Dataset extract: Begin
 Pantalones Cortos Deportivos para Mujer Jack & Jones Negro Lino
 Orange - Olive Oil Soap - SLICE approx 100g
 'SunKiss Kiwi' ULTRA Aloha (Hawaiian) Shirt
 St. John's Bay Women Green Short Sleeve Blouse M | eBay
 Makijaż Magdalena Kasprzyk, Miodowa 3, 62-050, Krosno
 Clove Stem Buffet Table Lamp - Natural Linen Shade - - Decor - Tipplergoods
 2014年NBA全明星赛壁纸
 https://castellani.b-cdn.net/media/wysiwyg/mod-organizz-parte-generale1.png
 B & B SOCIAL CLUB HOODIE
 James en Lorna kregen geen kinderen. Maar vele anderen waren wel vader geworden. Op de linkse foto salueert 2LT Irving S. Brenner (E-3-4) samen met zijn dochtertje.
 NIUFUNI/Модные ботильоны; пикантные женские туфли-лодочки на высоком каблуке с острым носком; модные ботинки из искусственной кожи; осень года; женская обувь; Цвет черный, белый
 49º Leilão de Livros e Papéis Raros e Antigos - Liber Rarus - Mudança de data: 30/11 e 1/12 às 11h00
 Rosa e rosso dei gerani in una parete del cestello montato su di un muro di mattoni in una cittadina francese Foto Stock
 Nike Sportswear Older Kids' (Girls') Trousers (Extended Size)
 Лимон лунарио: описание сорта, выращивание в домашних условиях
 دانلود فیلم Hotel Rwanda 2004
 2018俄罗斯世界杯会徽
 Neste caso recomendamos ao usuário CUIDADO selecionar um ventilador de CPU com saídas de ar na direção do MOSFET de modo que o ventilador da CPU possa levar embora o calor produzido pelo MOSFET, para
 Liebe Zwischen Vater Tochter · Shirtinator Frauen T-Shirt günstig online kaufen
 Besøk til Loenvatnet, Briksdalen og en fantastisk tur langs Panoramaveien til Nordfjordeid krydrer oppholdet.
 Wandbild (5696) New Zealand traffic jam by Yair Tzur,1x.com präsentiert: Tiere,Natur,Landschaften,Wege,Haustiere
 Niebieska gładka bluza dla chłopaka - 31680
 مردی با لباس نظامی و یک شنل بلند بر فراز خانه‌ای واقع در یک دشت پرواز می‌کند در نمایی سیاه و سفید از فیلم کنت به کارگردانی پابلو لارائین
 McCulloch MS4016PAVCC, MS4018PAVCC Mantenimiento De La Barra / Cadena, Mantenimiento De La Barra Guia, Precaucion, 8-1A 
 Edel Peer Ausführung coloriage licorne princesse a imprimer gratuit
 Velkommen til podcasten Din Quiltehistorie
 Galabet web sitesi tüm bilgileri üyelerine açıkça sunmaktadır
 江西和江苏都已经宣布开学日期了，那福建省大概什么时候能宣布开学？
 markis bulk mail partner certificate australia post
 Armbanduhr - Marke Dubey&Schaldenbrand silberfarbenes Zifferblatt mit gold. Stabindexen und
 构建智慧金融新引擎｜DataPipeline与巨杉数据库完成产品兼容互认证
Dataset extract: End
Note every line of the records that holds the word "para", and copy it.

 Pantalones Cortos Deportivos para Mujer Jack & Jones Negro Lino
 Neste caso recomendamos ao usuário CUIDADO selecionar um ventilador de CPU com saídas de ar na direção do MOSFET de modo que o ventilador da CPU possa levar embora o calor produzido pelo MOSFET, para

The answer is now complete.